Das Wichtigste in Kürze
- Führungskräftepositionierung verbindet Funktion, Erfahrung und persönliche Perspektive.
- Eine gute Positionierung ist enger als das gesamte Fachwissen einer Person.
- Selbstbild und bestehendes Fremdbild müssen gemeinsam betrachtet werden.
- Themen entstehen aus Verantwortung und wiederkehrenden Entscheidungen – nicht aus beliebigen Content-Ideen.
- Die Positionierung muss intern und extern funktionieren und ohne LinkedIn tragfähig bleiben.
Was bedeutet Positionierung für Führungskräfte?

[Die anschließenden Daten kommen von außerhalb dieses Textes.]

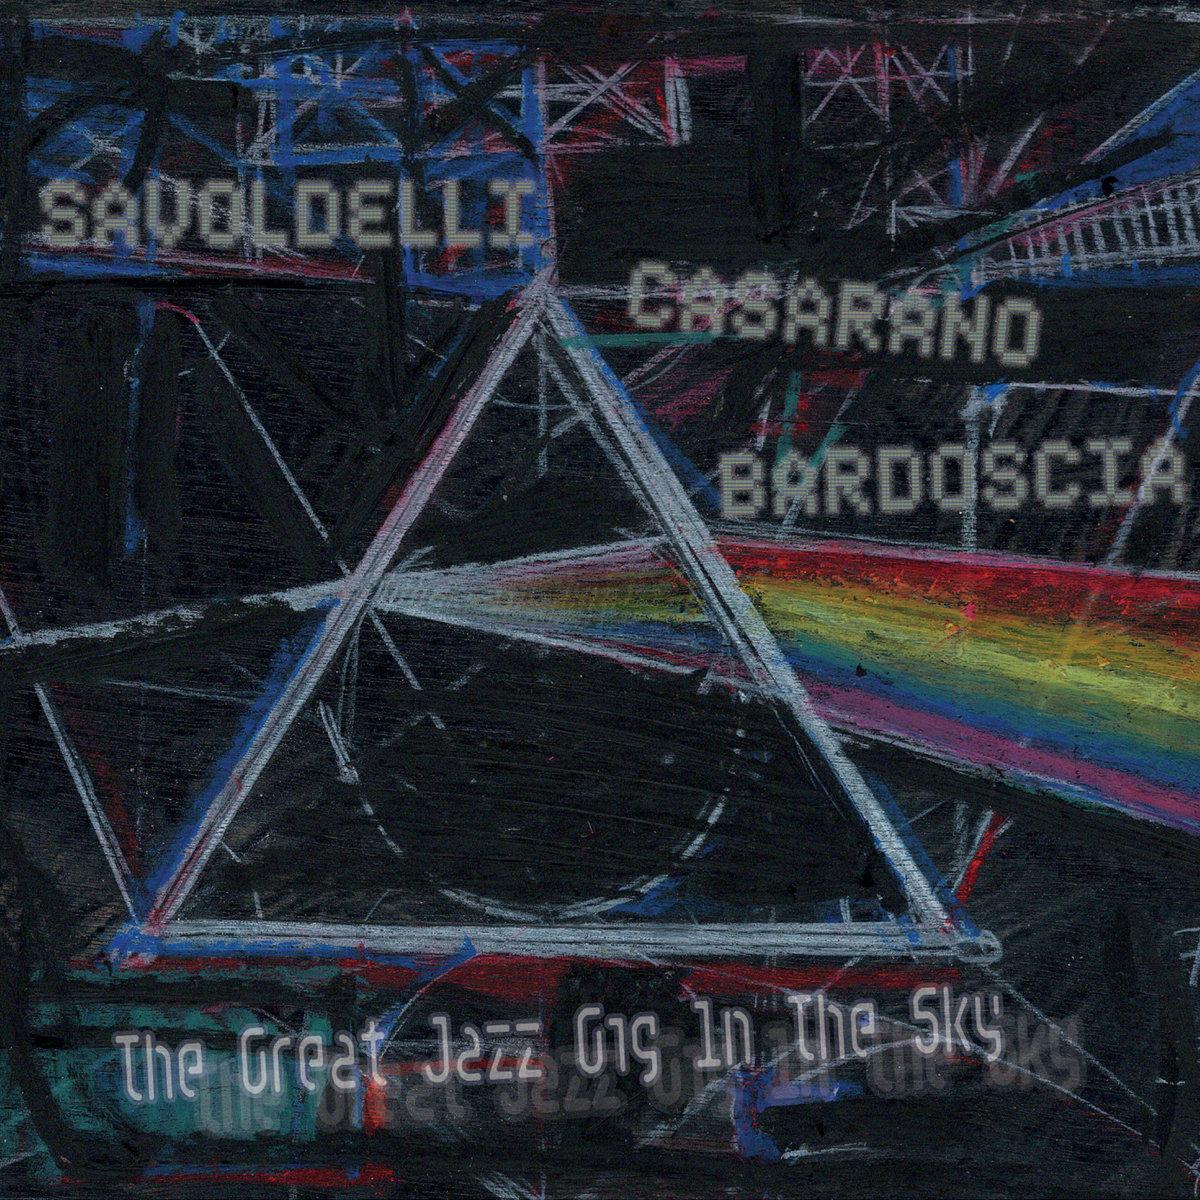 Savoldelli, Casarano, Bardoscia</br>The Great Jazz Gig In The Sky</br>Moonejune, 2016

Führungskräftepositionierung beschreibt, wie eine Führungsperson fachlich, kommunikativ und menschlich eingeordnet werden soll. Sie schafft einen Rahmen für Entscheidungen: Welche Themen vertritt die Person? Welche Anspruchsgruppen sind relevant? Welche Rolle übernimmt sie öffentlich und intern?
Positionierung ist nicht dasselbe wie Bekanntheit. Eine Person kann durch ihre Funktion bekannt sein, ohne dass klar ist, wofür sie steht. Für exponierte Führungskräfte geht es vor allem um eine glaubwürdige Verbindung zwischen Person, Funktion und Unternehmenskontext.
«Die Funktion macht eine Führungskraft sichtbar. Eine Positionierung macht erkennbar, welche Themen, Prioritäten und Perspektiven mit dieser Person verbunden sind.»
— Freddy Hüsser
Schritt 1: Welche kommunikative Rolle hat die Führungskraft?
Die Rolle ist der Ausgangspunkt. Ein CEO spricht anders als eine CFO, ein Verwaltungsrat oder eine Leiterin HR. Mögliche kommunikative Rollen sind: strategische Einordnerin, Branchenstimme, fachlicher Experte, Arbeitgebervertreterin, Transformationstreiber oder Repräsentantin des Unternehmens. Eine Person kann mehrere Rollen verbinden – zu viele gleich gewichtete machen die Positionierung jedoch unklar.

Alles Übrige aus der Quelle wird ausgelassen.